Data for the task:

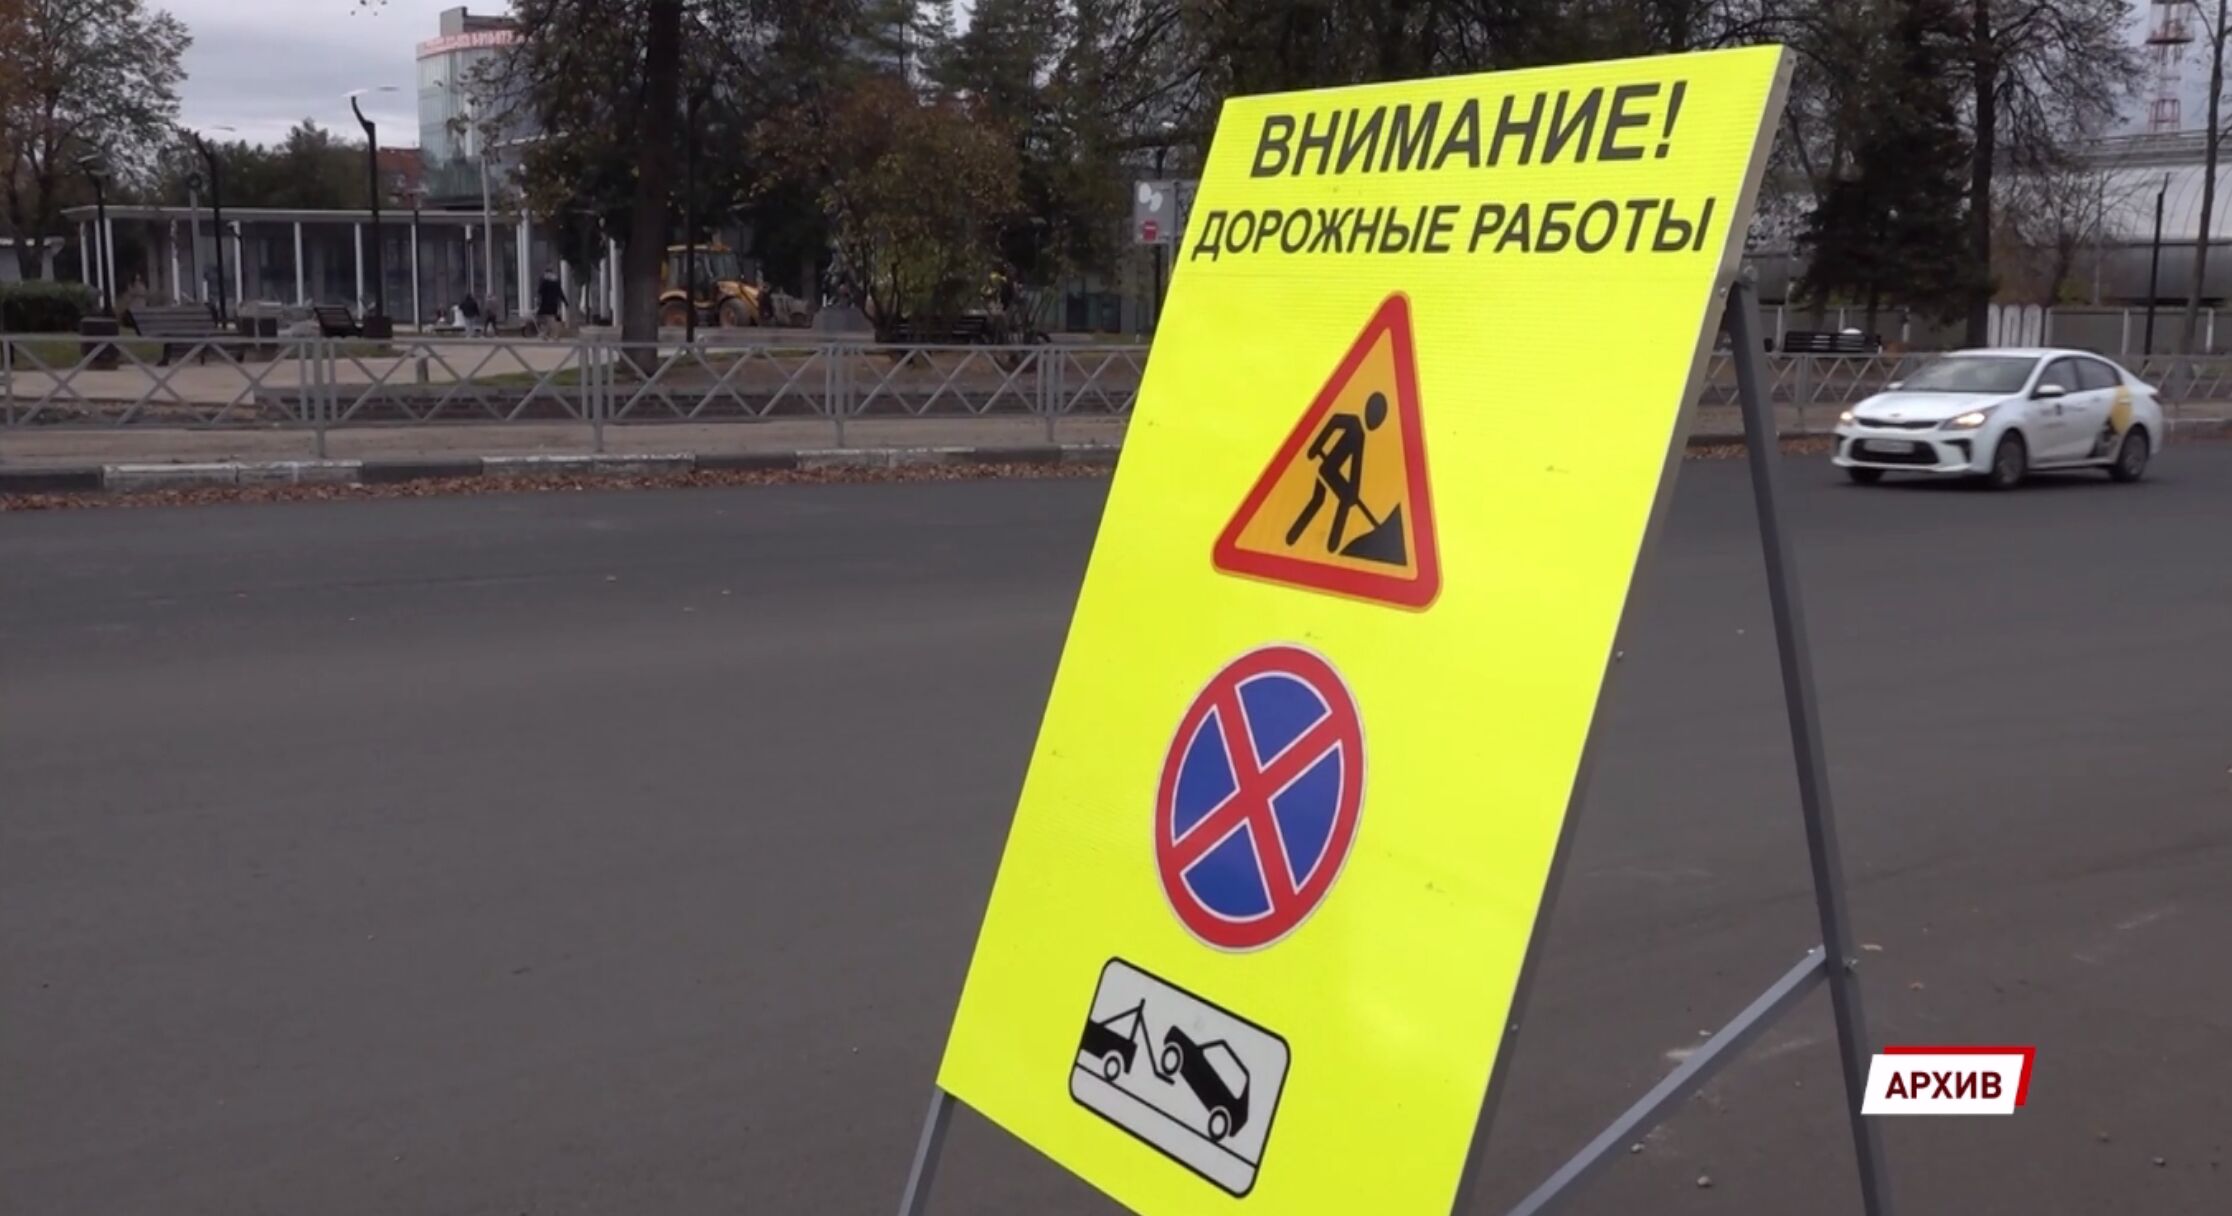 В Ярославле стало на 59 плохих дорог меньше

* * *

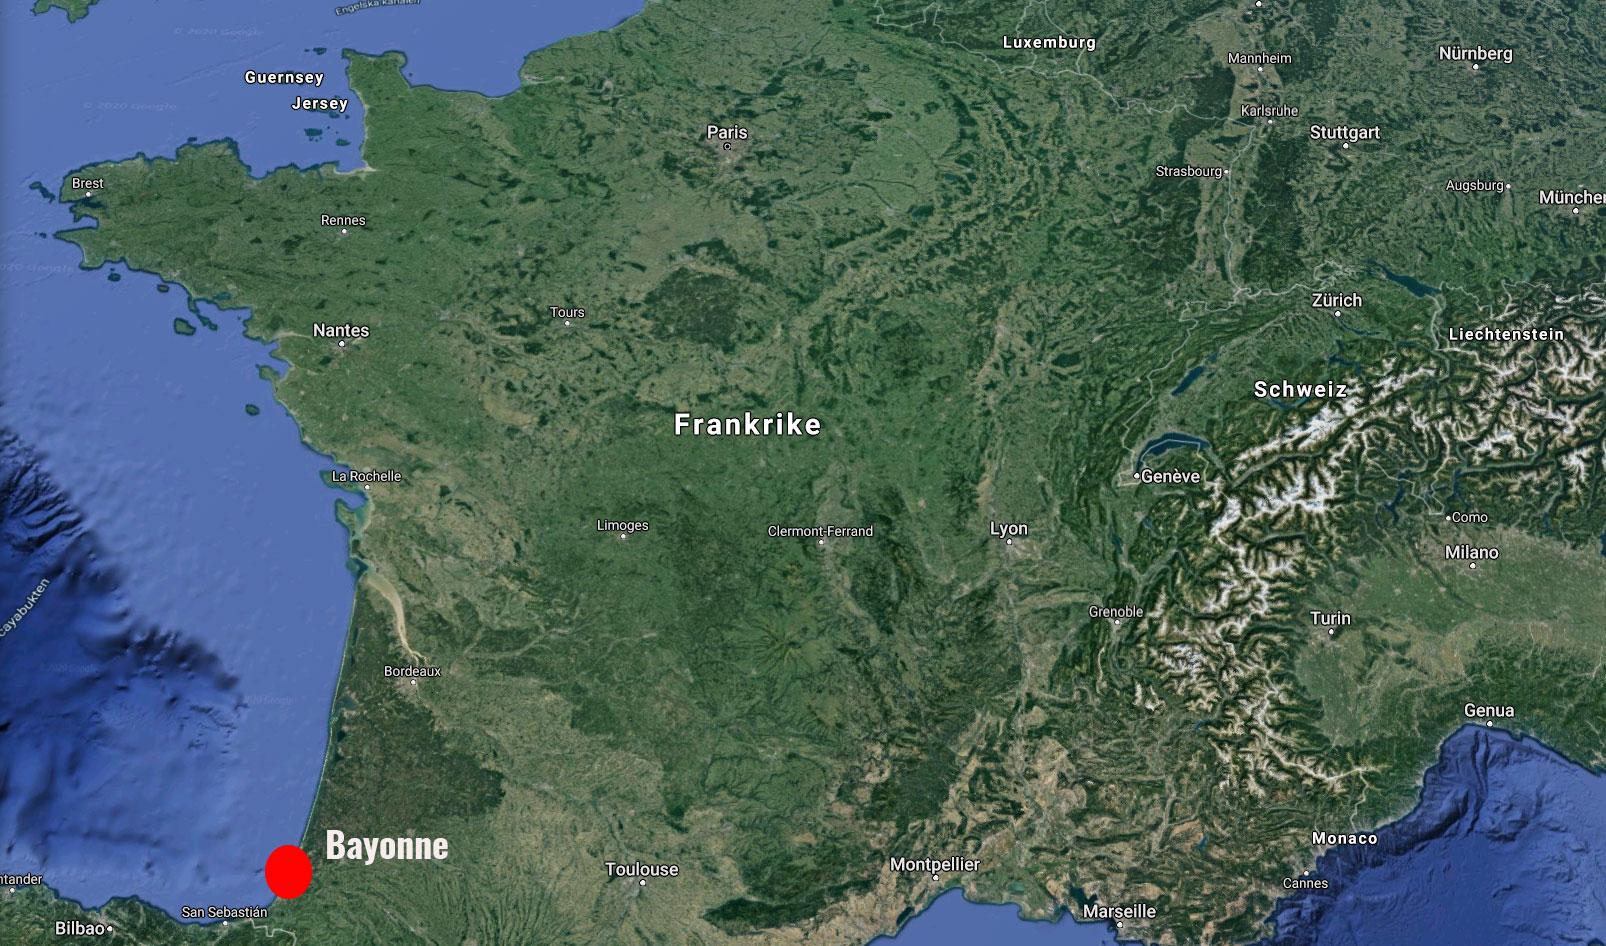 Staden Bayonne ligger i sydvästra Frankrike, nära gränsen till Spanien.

==

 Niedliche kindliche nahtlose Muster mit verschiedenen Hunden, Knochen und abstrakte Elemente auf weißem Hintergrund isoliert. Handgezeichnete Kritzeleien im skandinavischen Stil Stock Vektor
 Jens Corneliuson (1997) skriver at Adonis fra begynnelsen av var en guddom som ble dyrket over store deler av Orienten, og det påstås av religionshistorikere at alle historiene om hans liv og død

Problem:
Your answer must be the lines above from the one containing "Niedliche kindliche nahtlose" to the one containing "Jens Corneliuson (1997)", both included, restated word for word.

Written reply:
 Niedliche kindliche nahtlose Muster mit verschiedenen Hunden, Knochen und abstrakte Elemente auf weißem Hintergrund isoliert. Handgezeichnete Kritzeleien im skandinavischen Stil Stock Vektor
 Jens Corneliuson (1997) skriver at Adonis fra begynnelsen av var en guddom som ble dyrket over store deler av Orienten, og det påstås av religionshistorikere at alle historiene om hans liv og død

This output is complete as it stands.